Cyber Security Lead

Permanent, Full Time (35 hours per week)

We’re looking for a Cyber Security Lead to provide strategic leadership and organisation-wide direction for cyber security, setting security standards, influencing governance, and shaping long-term security strategy across JRF and JRHT

About the role

You will be responsible for leading the delivery of the organisation’s cyber security activities, ensuring that digital systems and information assets are protected against current and emerging threats. Maintaining the cyber risk register, you will lead investigations into security breaches, coordinate disaster recovery (DR) and cyber incident response, and support business continuity planning (BCP), including defining Restore Point Objectives (RPOs) and Recovery Time Objectives (RTOs).

The role ensures compliance with cyber security and information governance policies whilst providing subject matter expertise across the organisation. You will advise colleagues and senior stakeholders and act as a key liaison with third-party providers to safeguard our digital environment and ensure alignment with standards and audit requirements.

This is a hands-on, standalone cyber security role. As the organisation’s senior cyber security authority, the postholder will be the sole individual delivering cyber security activity, working closely with the Technology Manager and external IT provider.
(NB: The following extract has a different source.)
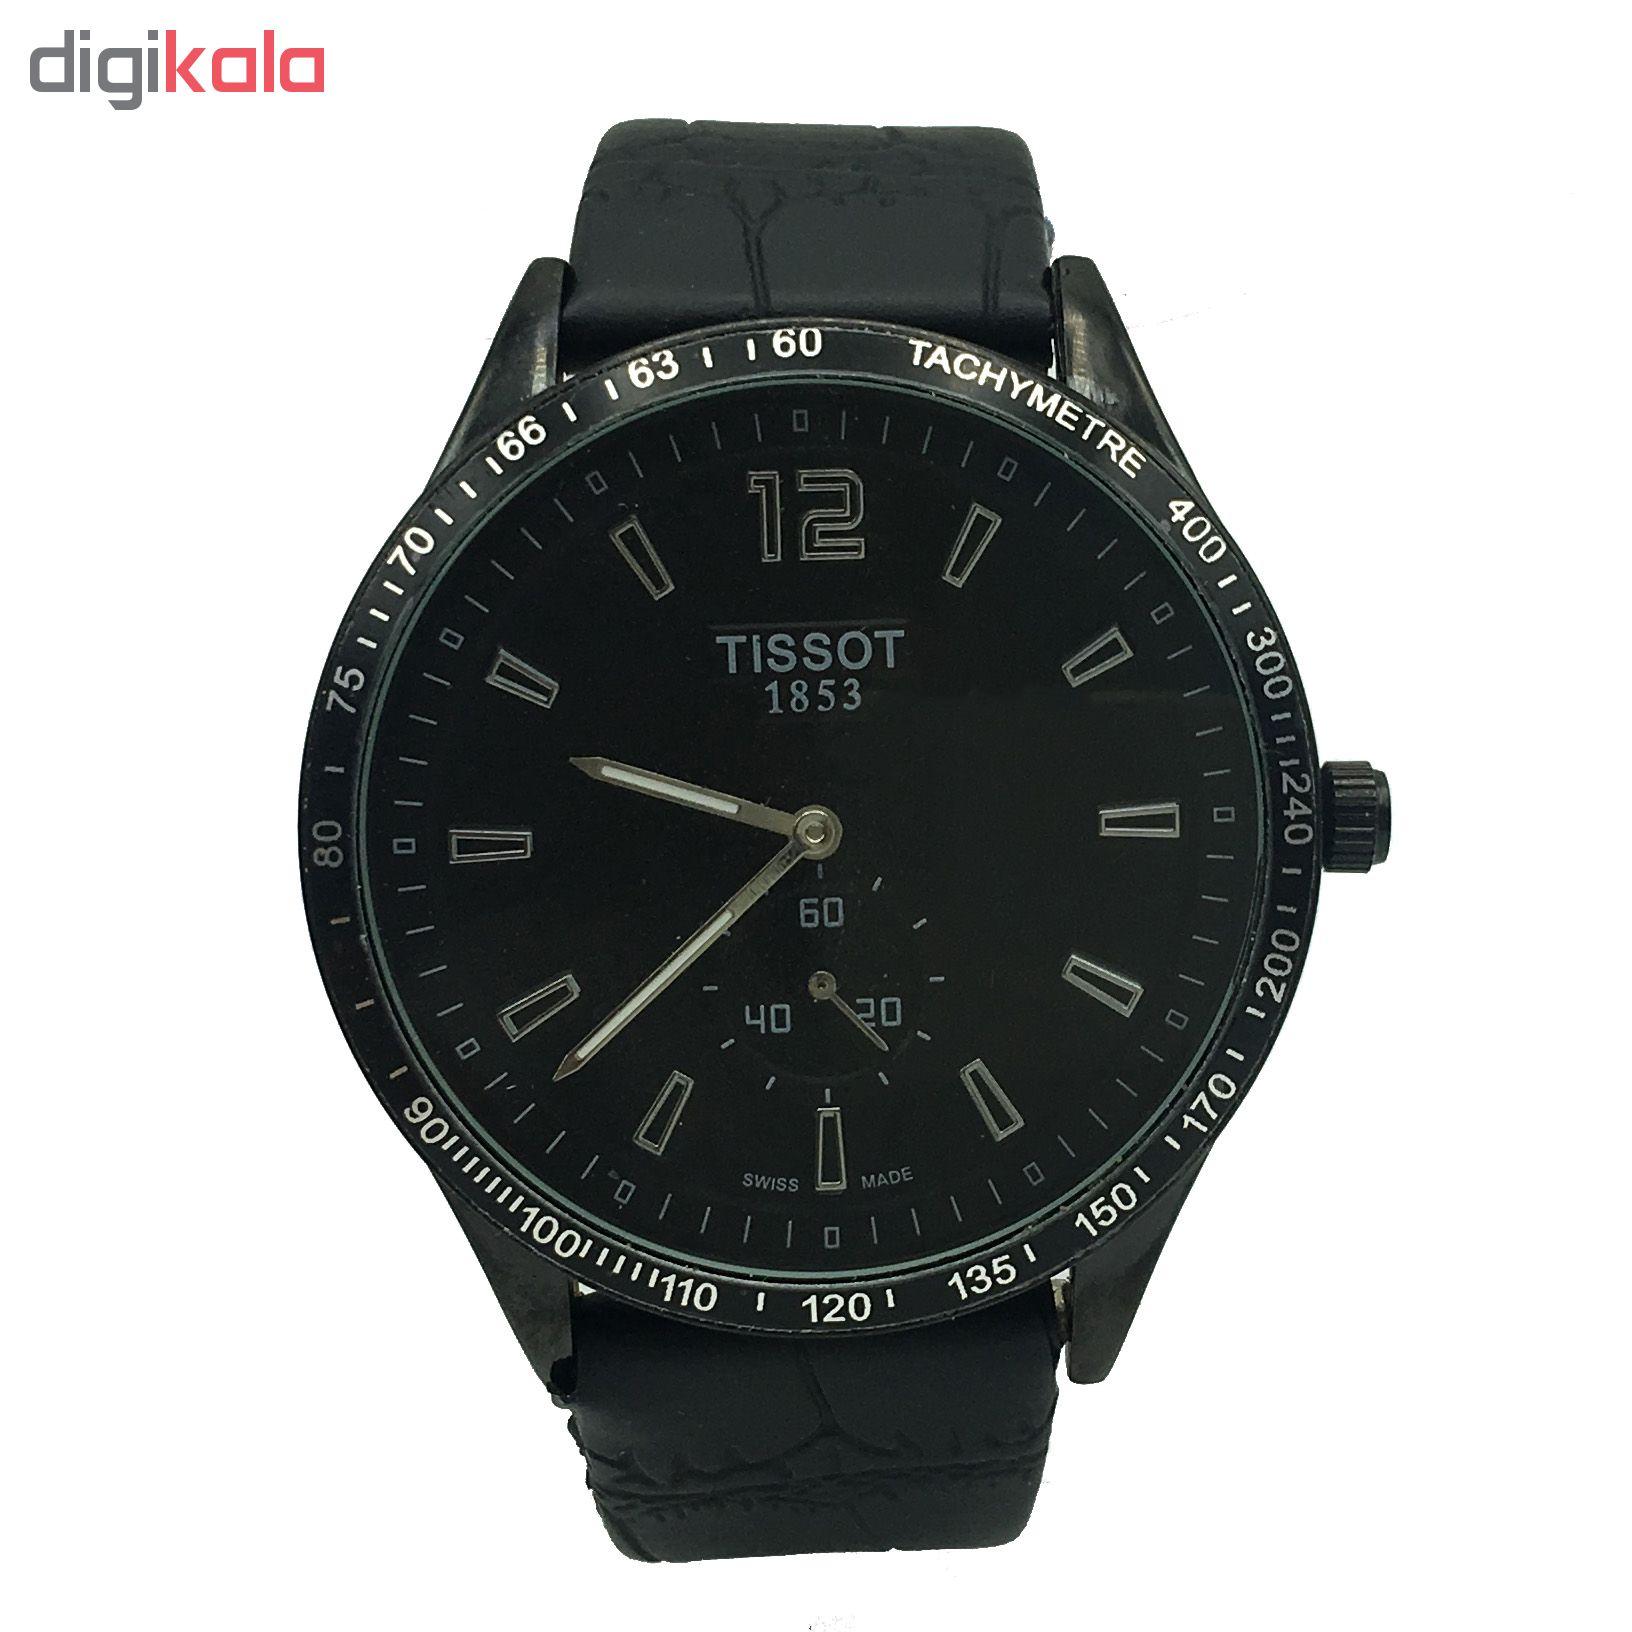 خرید ساعت مچی عقربه ای مردانه مدل Tb

The role combines strategic oversight and independent risk-based decision-making with direct ownership of day-to-day cyber security delivery, driving continuous improvement in security maturity and organisational resilience.

About you

We are seeking an experienced cyber security professional with expertise in frameworks such as ISO 27001, NIST, CIS Controls, GDPR, the UK Data Protection Act, and Cyber Essentials. The successful candidate will bring expertise in disaster recovery, business continuity, risk management, internal controls, and security technologies including SIEM, firewalls, EDR, MFA, encryption, Microsoft Purview, and Microsoft Entra. Experience with incident response, cyber forensics, enterprise security architecture, secure-by-design principles, and managing third-party security risks is essential.

The ideal candidate will have strong analytical and investigative skills to assess, document, report, and escalate cyber risks confidently. You will interpret vulnerability scans and penetration tests, evaluate cyber risks in projects or procurement, and deliver awareness programs, phishing simulations, and staff training. Excellent communication and stakeholder management skills are critical, including briefing senior leaders, liaising with external partners, and making high-impact security decisions under pressure.
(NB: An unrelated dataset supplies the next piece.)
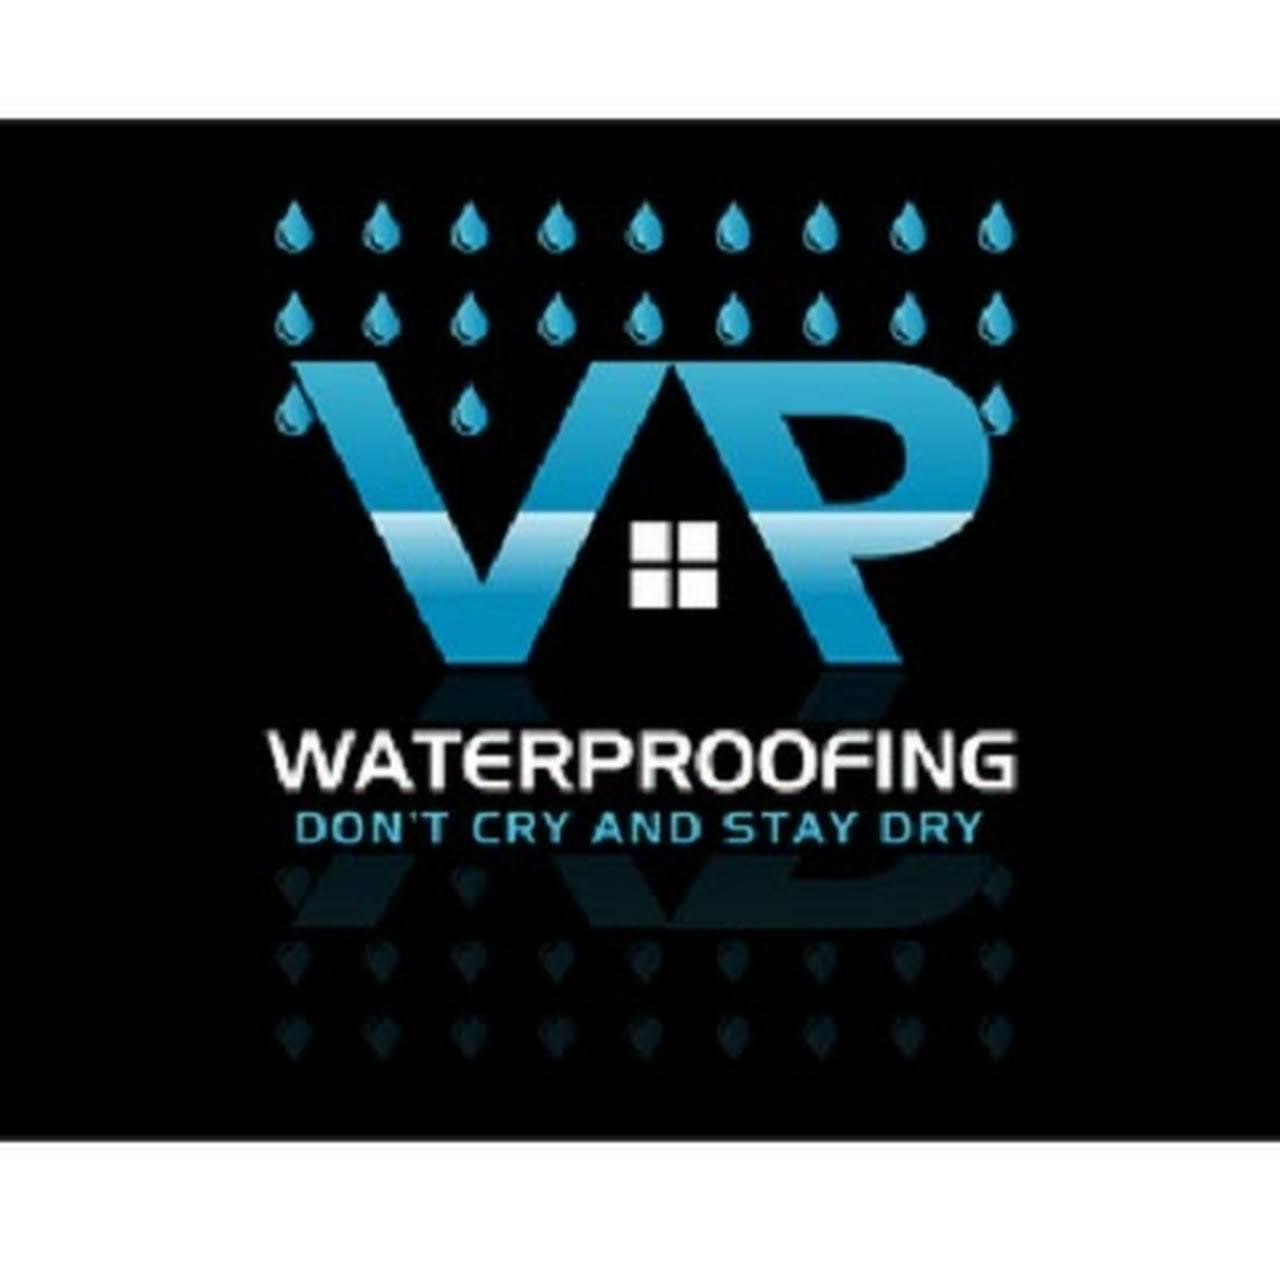 VP Waterproofing

You will have hands-on experience working with cyber security tools or SOC services to monitor, detect, and respond to threats, as well as experience leading or supporting incident investigations and coordinating DR and BCP exercises. The role also involves supporting audits, compliance certifications, policy deployment, and regulatory requirements, with experience providing strategic advice to senior leadership or Boards.

How to apply

If you share our passion and this role sounds like you, then we’re looking forward to hearing from you.

Please submit your CV and supporting information via our online application platform.

The closing date for applications is 19th January 2026.

Interviews will take place TBC.

We reserve the right to bring the closing date forward should enough quality applications be received prior to the current closing date.

Additional Information

Applications are welcome from all, regardless of age, disability, marriage or civil partnership, pregnancy or maternity, religion or belief, race, sex, sexual orientation, trans status or socioeconomic background.

We positively encourage applications from people from marginalised backgrounds, including but not limited to those with experience of living in poverty.

We are committed to being an anti-racist organisation and operate an anonymised recruitment process so that bias is eliminated from the shortlisting process.

In support of our approach to flexible working, we are happy to receive applications from those seeking full-time employment, as well as those who may want to share the role on a part-time basis. When making your application, please state whether you want to be considered for either full or part-time work and, if part-time, the number of hours per week you would be looking for.

At JRF we’re at our best when we’re continually building on trust, showing we care and making a difference – and hope others will do the same. So, for those roles which allow it, we’re developing a more blended approach to how and where you work. This means you can expect to work flexibly between the office and home (with an expectation of two days a week in your home office).

We are a Disability Confident Employer. This means that we are committed to the recruitment, progression and retention of disabled individuals. We shall also offer interviews to disabled candidates who meet the minimum criteria for the job. If you have a disability, please tell us if you would like to be considered for an interview under the Disability Confident Scheme.

If you have any additional needs and need reasonable adjustments to be made to the interview process, please let us know.